Guessing a Chunk Shape

If you don't already have a target chunk shape, guess_chunk_shape picks one that fits within a byte budget:

from rechunkit import guess_chunk_shape

shape = (1000, 2000, 500)
itemsize = 4  # float32

chunk_shape = guess_chunk_shape(shape, itemsize, target_chunk_size=2**21)

The function assigns each dimension to the largest highly composite number that keeps the total chunk size within the target.
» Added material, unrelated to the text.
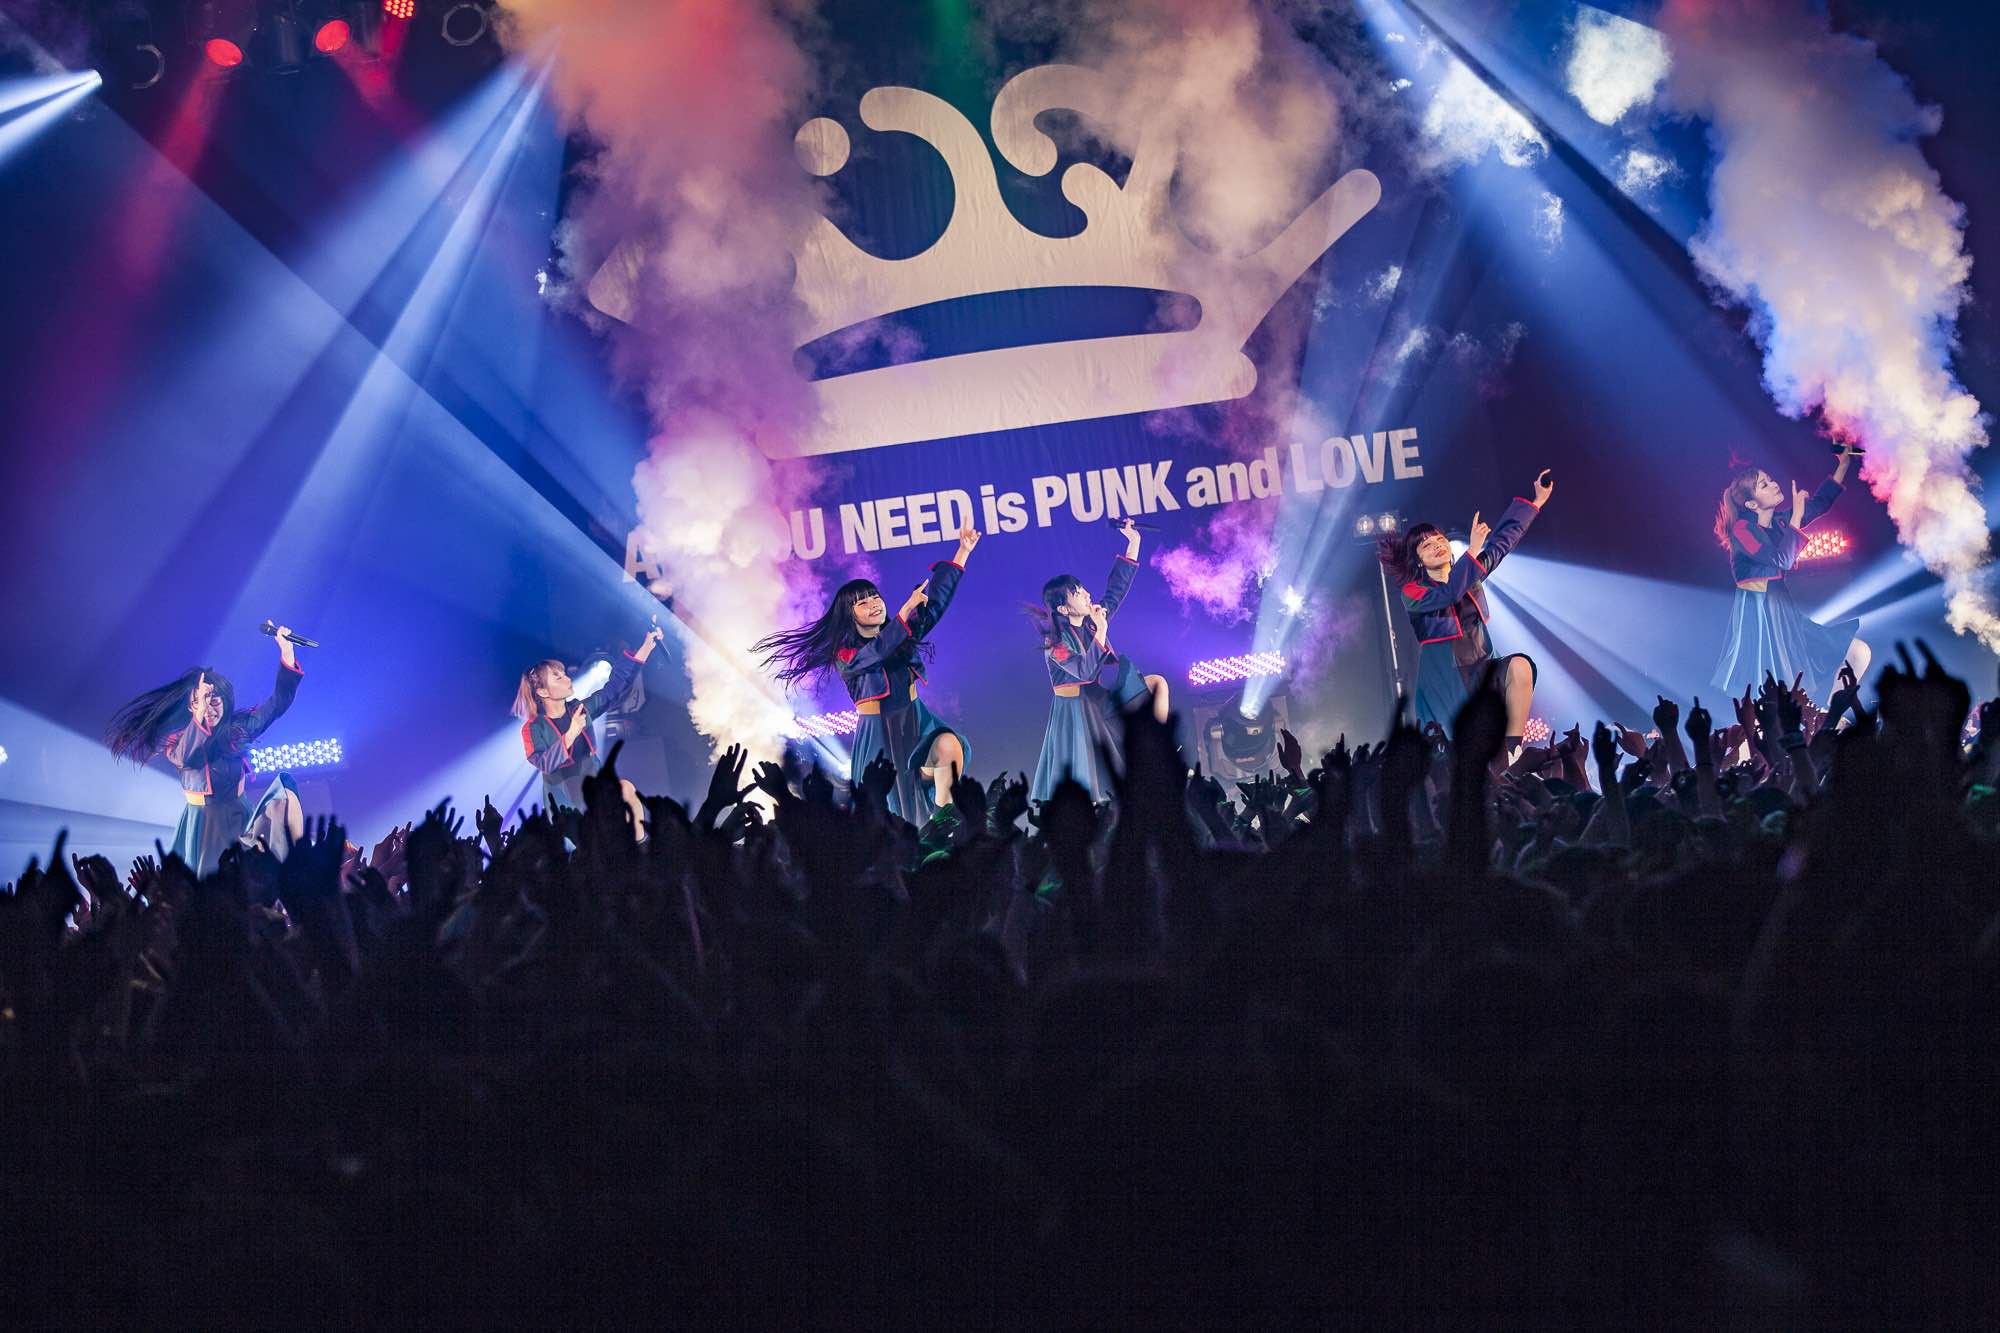 楽器を持たないパンクバンド Bish 3回目の開催となるzepp Tokyoフリーライブ Tbs3 を開催 メジャーセカンド アルバムの発売を発表 アイドルプラネット Idol Planet

It iterates over dimensions, halving the largest one each round until the budget is met.

Tip

Using composite numbers for chunk dimensions produces smaller LCMs with other chunk shapes, which directly reduces the number of redundant source reads during rechunking.

Ideal Read Chunk Shape

The ideal intermediate read shape is the element-wise LCM of source and target chunk shapes:

from rechunkit import calc_ideal_read_chunk_shape, calc_ideal_read_chunk_mem

source_chunks = (6, 4)
target_chunks = (4, 6)

ideal_shape = calc_ideal_read_chunk_shape(source_chunks, target_chunks)  # (12, 12)
ideal_mem = calc_ideal_read_chunk_mem(ideal_shape, itemsize=4)           # 576 bytes

If you can afford ideal_mem bytes of buffer, every source chunk will be read exactly once.

Memory-Constrained Read Shape

When the ideal shape doesn't fit in memory, calc_source_read_chunk_shape computes a reduced read shape that fits within max_mem:

from rechunkit import calc_source_read_chunk_shape

read_shape = calc_source_read_chunk_shape(
    source_chunks, target_chunks, itemsize=4, max_mem=200
)

The algorithm finds a multiple of the source chunk shape that fits in memory while preserving the aspect ratio of the ideal shape as closely as possible.

Counting Chunks

calc_n_chunks returns the total number of chunks for a given shape and chunk shape:

from rechunkit import calc_n_chunks

n_source = calc_n_chunks((100, 100), (6, 4))   # 425
n_target = calc_n_chunks((100, 100), (4, 6))   # 425

Predicting Read Counts

Two functions let you compare I/O strategies:

Brute-force reads

calc_n_reads_simple counts the reads if every target chunk independently reads all its overlapping source chunks — no optimization:

from rechunkit import calc_n_reads_simple

n_simple = calc_n_reads_simple((31, 31, 31), (5, 2, 4), (4, 5, 3))  # 3952

Optimized reads

calc_n_reads_rechunker predicts the reads and writes using the optimized algorithm at a given memory budget:

from rechunkit import calc_n_reads_rechunker

n_reads, n_writes = calc_n_reads_rechunker(
    (31, 31, 31), dtype.itemsize, (5, 2, 4), (4, 5, 3), max_mem=2000
)
# n_reads=2044, n_writes=616

More memory means fewer reads — see How It Works for details.

chunk_range Utility

chunk_range is a multi-dimensional equivalent of Python's range, yielding tuples of slices:

from rechunkit import chunk_range

for chunk in chunk_range((0, 0), (10, 10), (4, 6)):
    print(chunk)
# (slice(0, 4), slice(0, 6))
# (slice(0, 4), slice(6, 10))
# (slice(4, 8), slice(0, 6))
# (slice(4, 8), slice(6, 10))
# (slice(8, 10), slice(0, 6))
# (slice(8, 10), slice(6, 10))

This is useful for iterating over chunk positions when writing to storage backends.